Assignment:
Copy out the full listing exactly, omitting any picture it contains.

Data block:
________________________________________

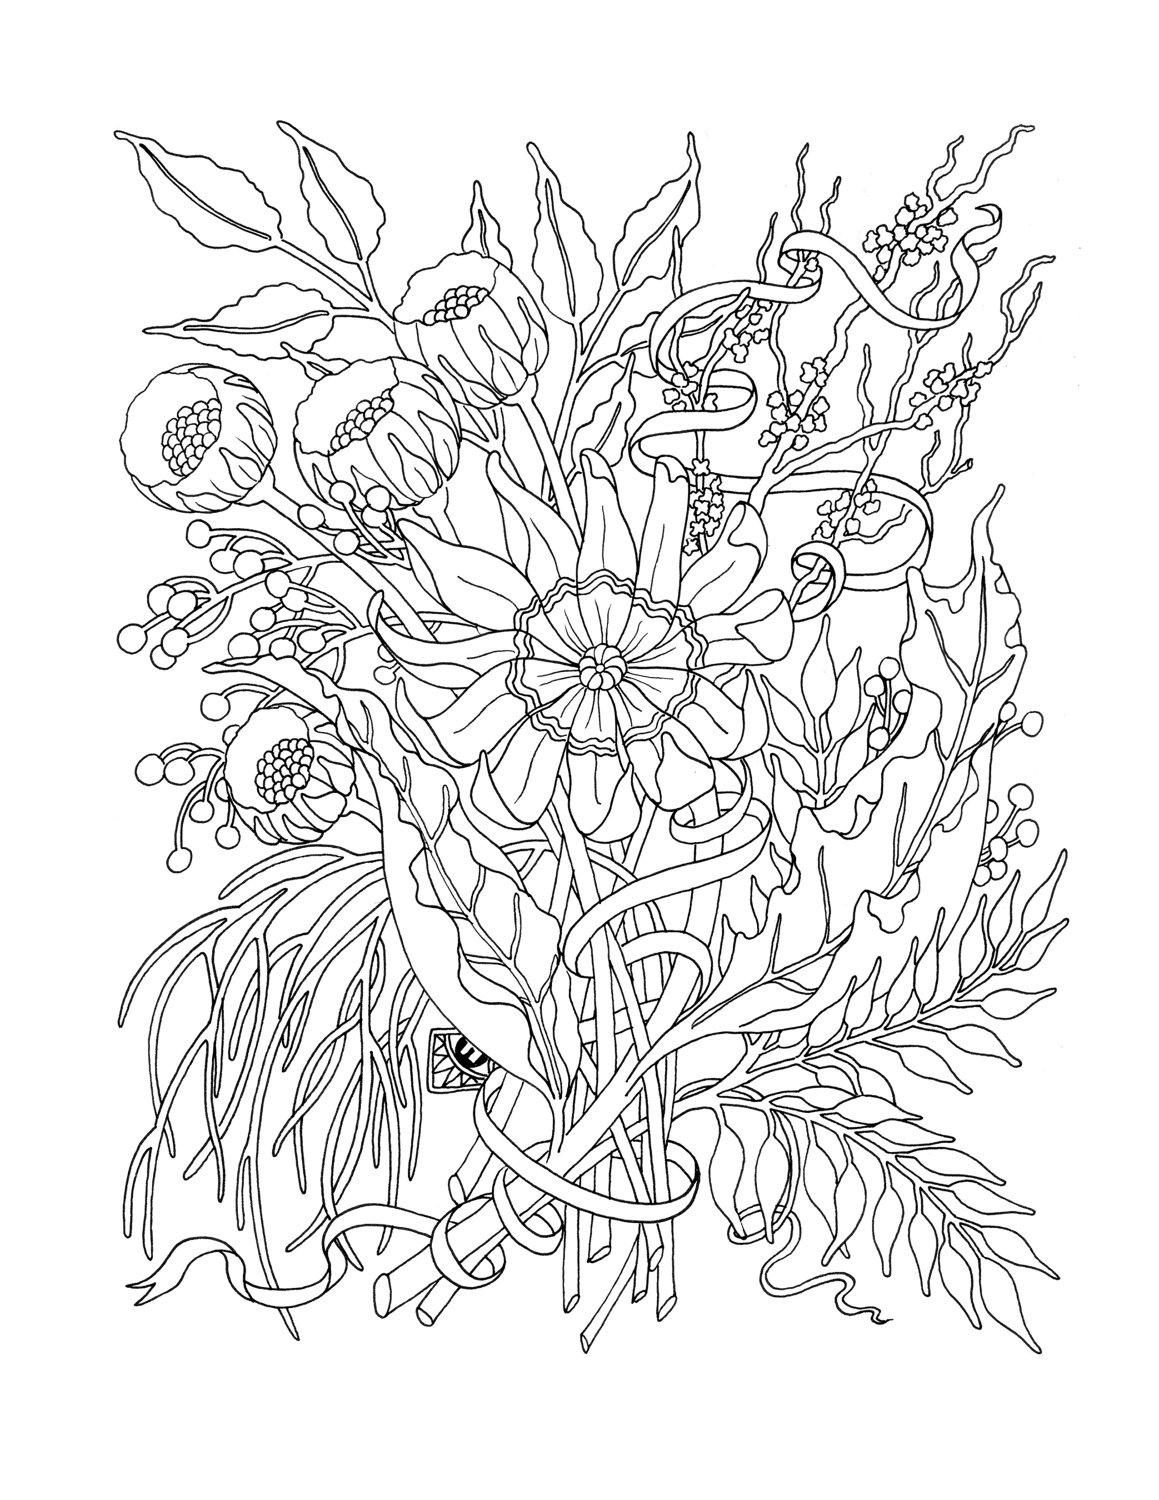 Bunch Of Flowers Coloring Page
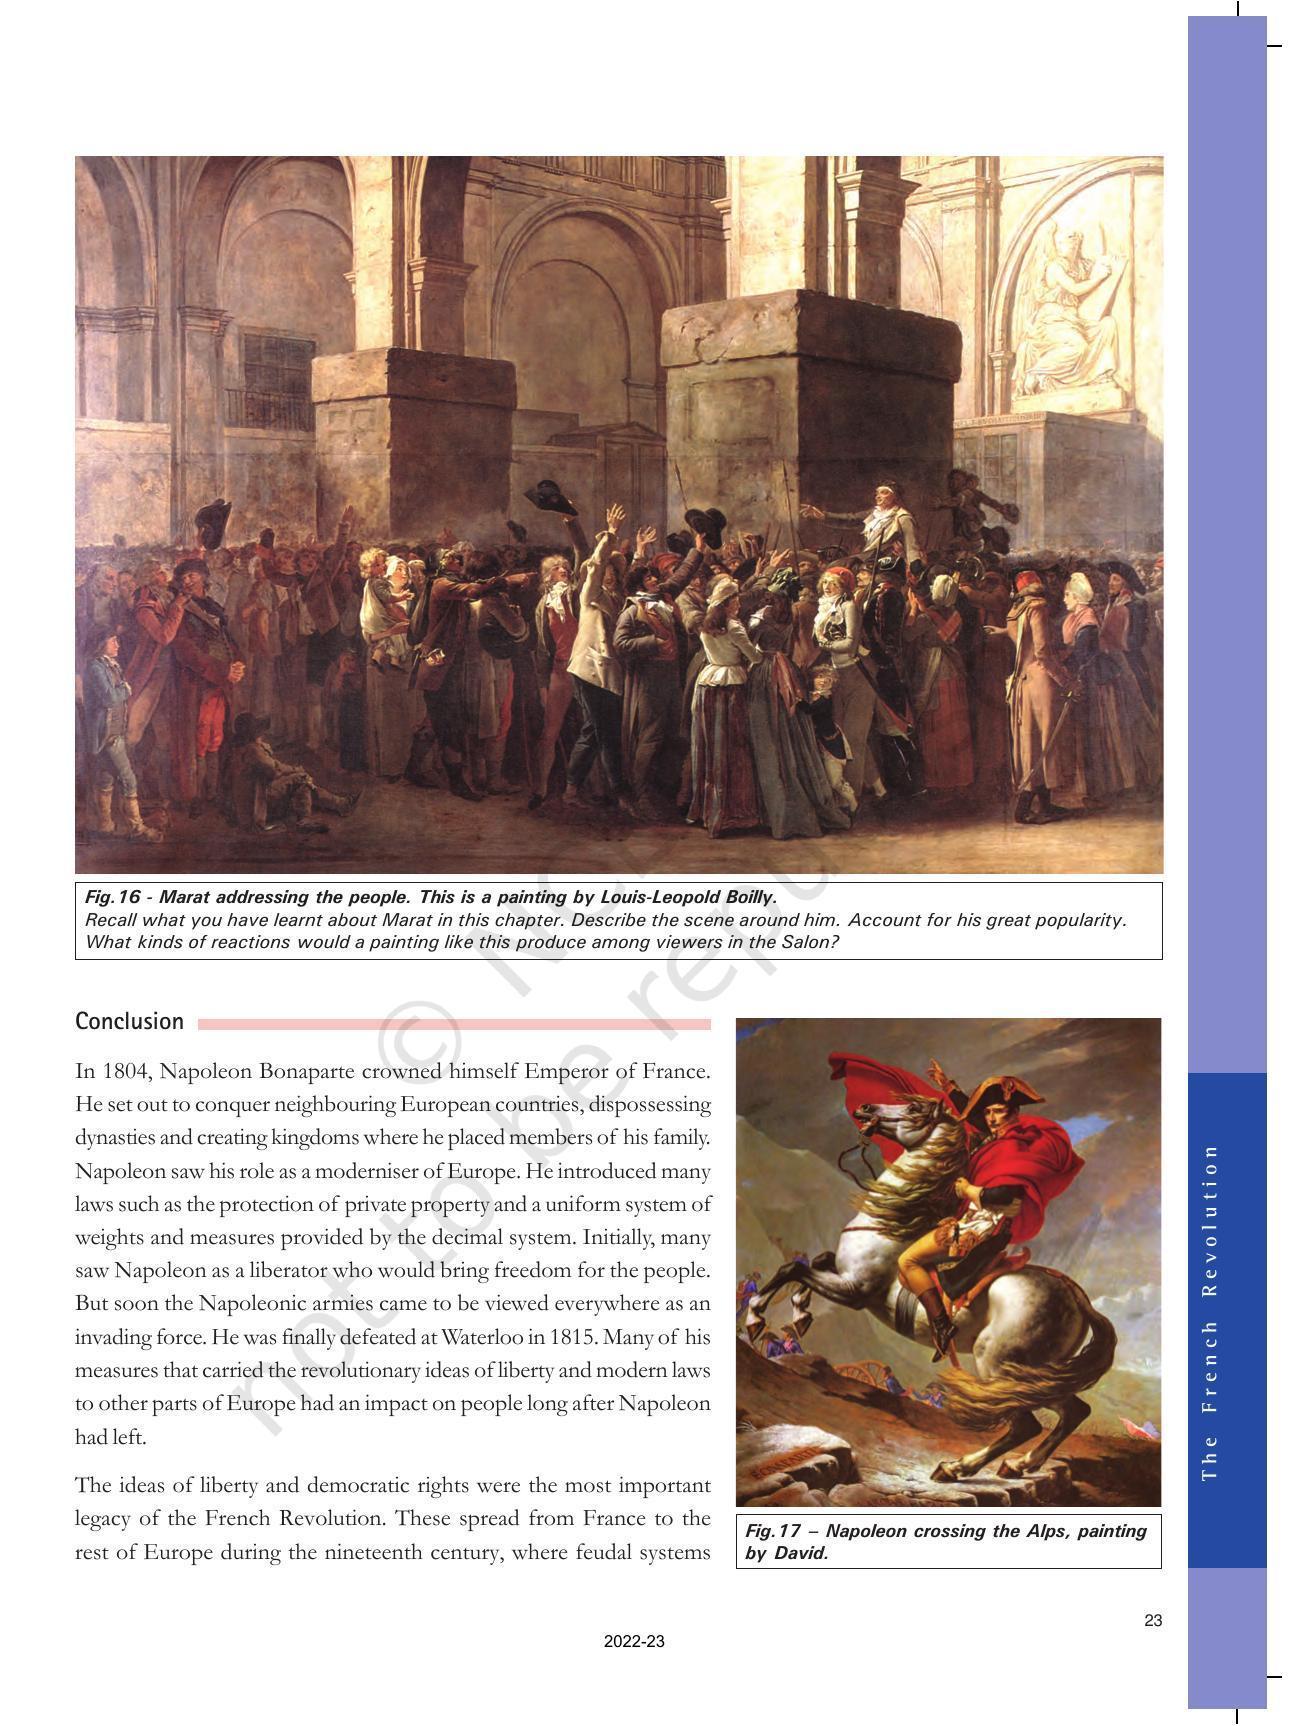 NCERT Book for Class 9 History Chapter 1 The French Revolution - Page 23
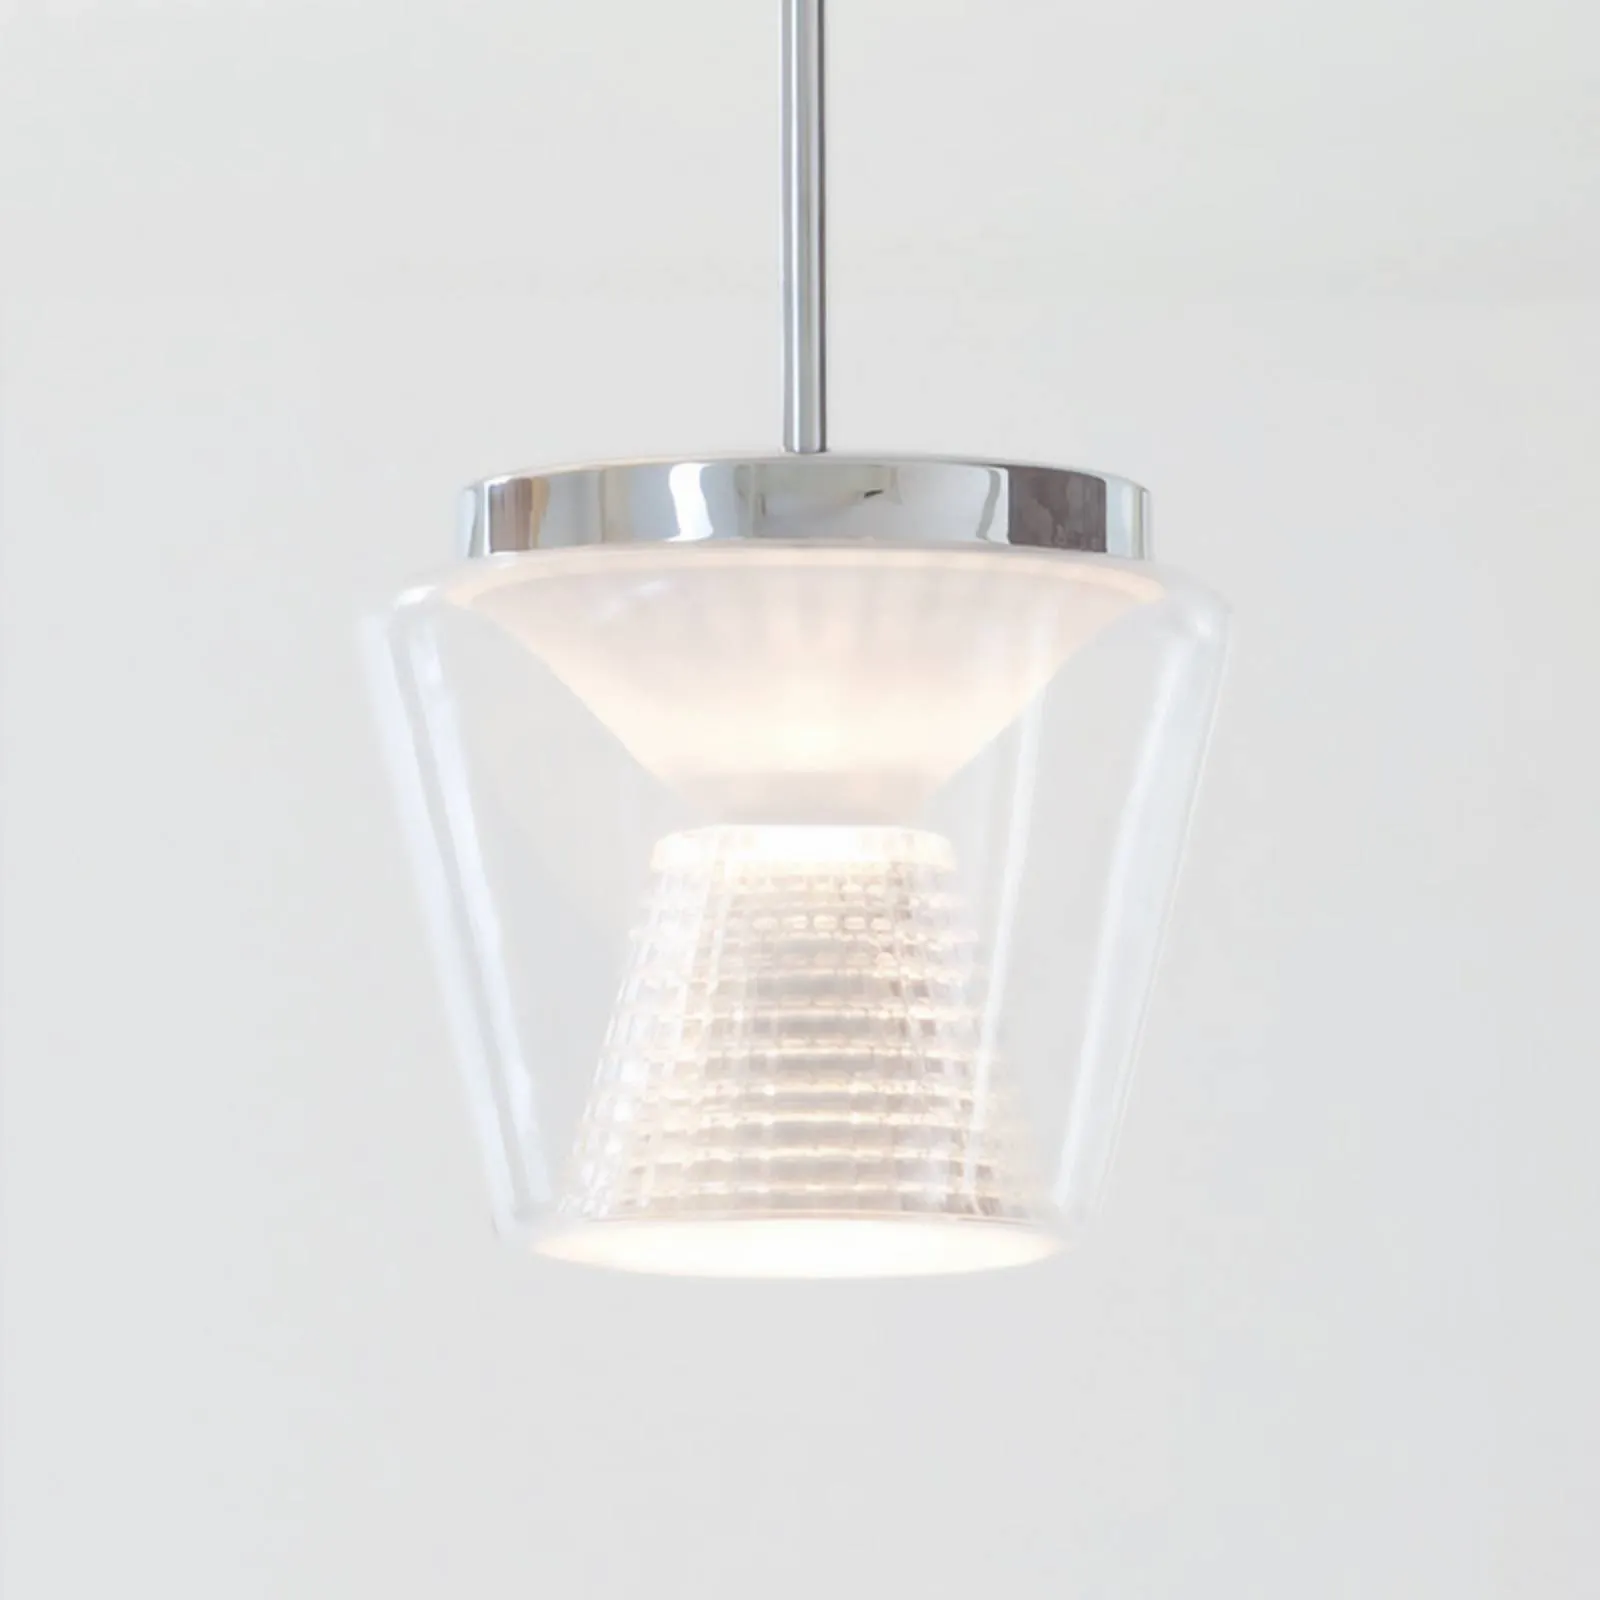 With crystal glass - LED pendant light Annex

________________________________________

Output for this exercise:
 Bunch Of Flowers Coloring Page
 NCERT Book for Class 9 History Chapter 1 The French Revolution - Page 23
 With crystal glass - LED pendant light Annex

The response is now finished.